How do you know when you’ve finished a song?

Martin: Oscar and I are pretty savage perfectionists. I tend to write my verses 4 or 5 times before I’m happy with them. I know Oscar has about 5 or 6 entirely different arrangemants of the one song he is working on at the moment. So I guess the track is finished when you can’t bare to work on it anymore, or when when you run out of time to keep picking at one line or other.

Oscar: For sure. And it’s sort of when you can bear to listen to the song with out criticizing it, just being able to enjoy it.


Oscar + Martin- All I Think About

When and where did you guys write For You?

Martin: Most of For You was written as catharsis when Oscar’s girl dropped him…. But the chorus hook in “What I Know” was written when I was traveling with my girl in europe a couple years ago. I had just a mini tape player and one or two loops I was working on. I just ended up singing this line again and again. The rest of the song wasn’t written until I brought it to Oscar. In my verse, I’m trying to sympathise with the way Oscar was feeling at the time and reflecting on my own breakup experiences.

What’s in the future for O+M?

We are in the middle of a tour at the moment, playing Meretdith this weekend and we’ll finish up at Falls. We’re also laying with Matronomy in January. I think after all that we might take a little break to work on some new stuff… Oscar is working on a couple of projects at the moment: an album with Brothers Hand Mirror and some solo stuff. I’m working on an album with my other project the Harpoons. So we keep pretty busy.
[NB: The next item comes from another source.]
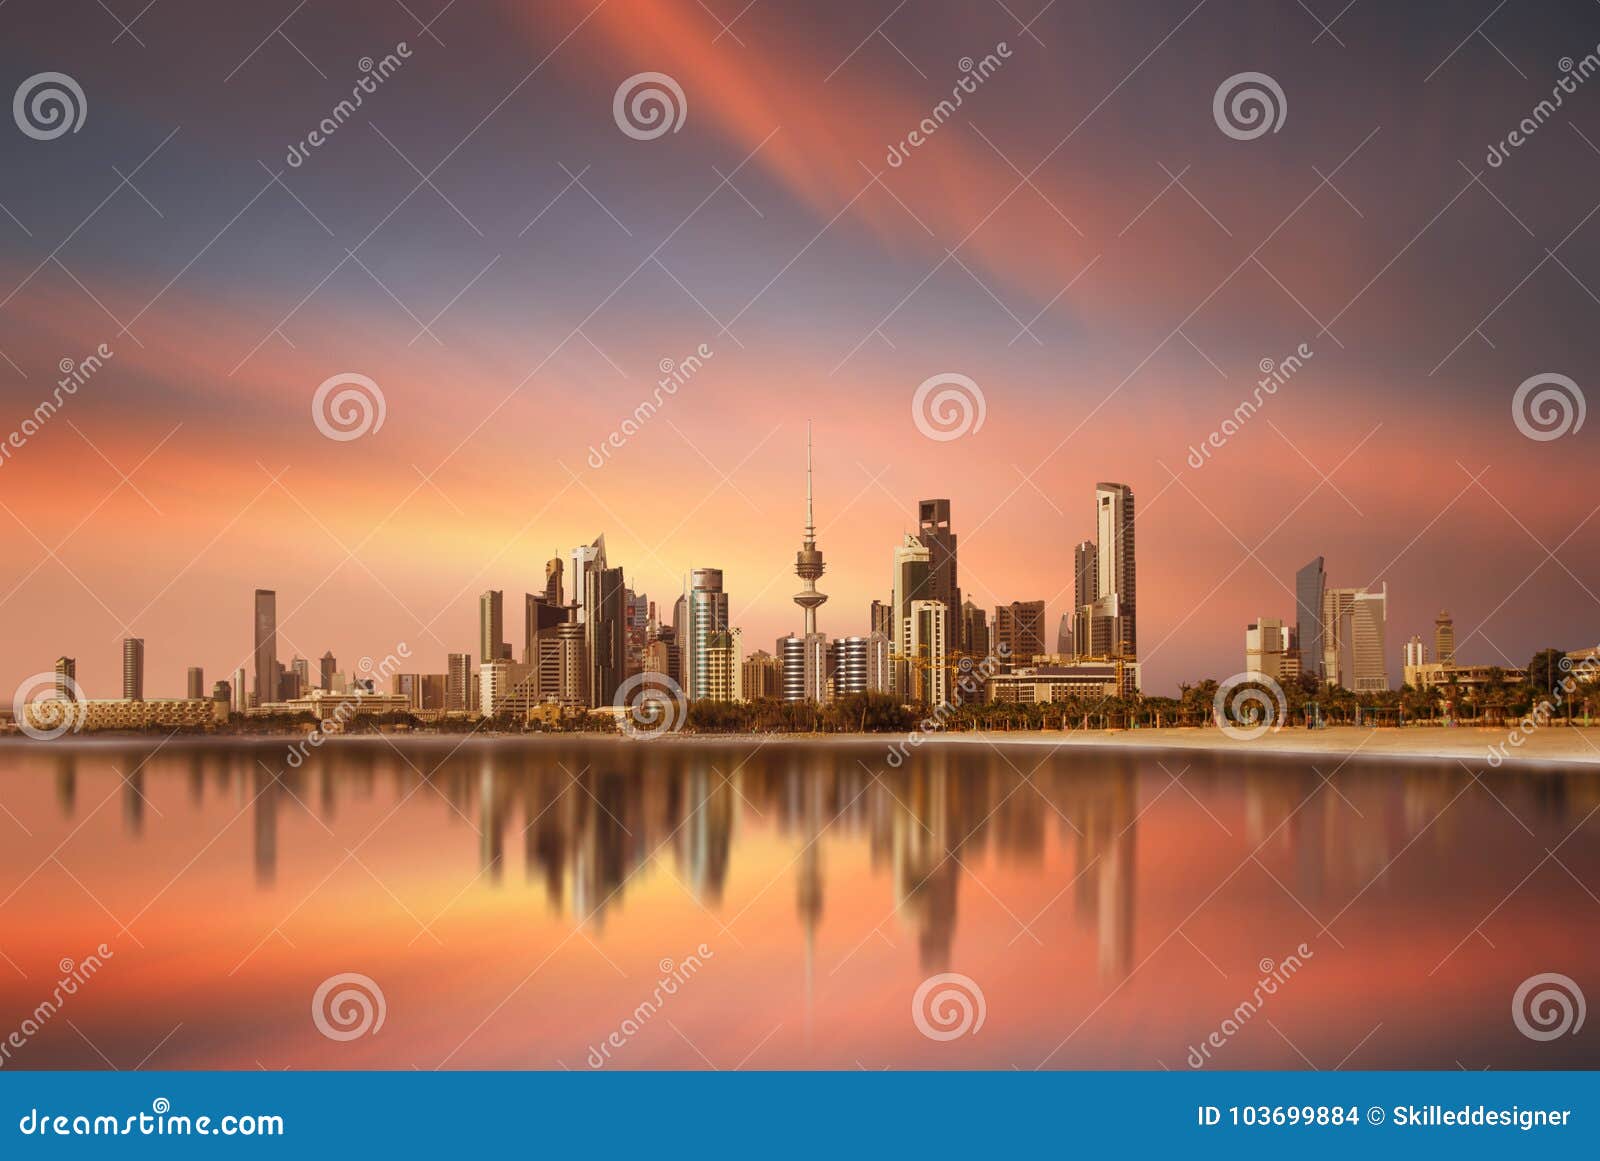 kuwait city skyline during sunset

Oscar + Martin – “Recognise” (Dir: Josh Aylett and Mahmood Faza - Live For The Funk


Discography

Recognise - EP
For You - LP

Photos

Bio

Oscar Vicente Slorach-Thorne and Martin John King are from Melbourne. They met when they were in high school. They’ve been dancing around making beats, loops and melodies in Melbourne since 2006. Born of a generation with the history of music making at their fingertips, they possess an explosive creativity that is instantly infectious creating dance floors wherever they go. They are not afraid of exploratory composition yet make music that has pop, hip-hop and future RnB as the outline.

Oscar and Martin produce their forward thinking pop music using real instruments and kids toys, drum machines, synthesizers, tape-loops and voice.
The songs are stories that are straight up and pictures that are beautiful because they’re brave. They’re about falling hard for someone and making a fool of yourself. They are made of Oscar and Martin’s own days and nights but also those found in Gabriel Garcia Marquez books, surprise friendships made on public transport and the lies kids tell. They are gestures of devotion, declarations of the heart, confessions of awkwardness and pleas for pardon that are for real without being soppy.

Since the release of their debut album For You the band has attracted critical acclaim from all over the real world and the interwebs. In the last year band have played alongside names like Four Tet, Caribou, Coco Rosie, Architecture in Helsinki, Gotye, Metronomy, St Vincent, Mt Kimbie, How To Dress Well and Knxwledge.

Oscar and Martin's live show is full of grit and joy and swagger (if you believe Australians can have swagger) and after playing a full summer of Australian festivals including Meredith Music Festival and Falls Festival.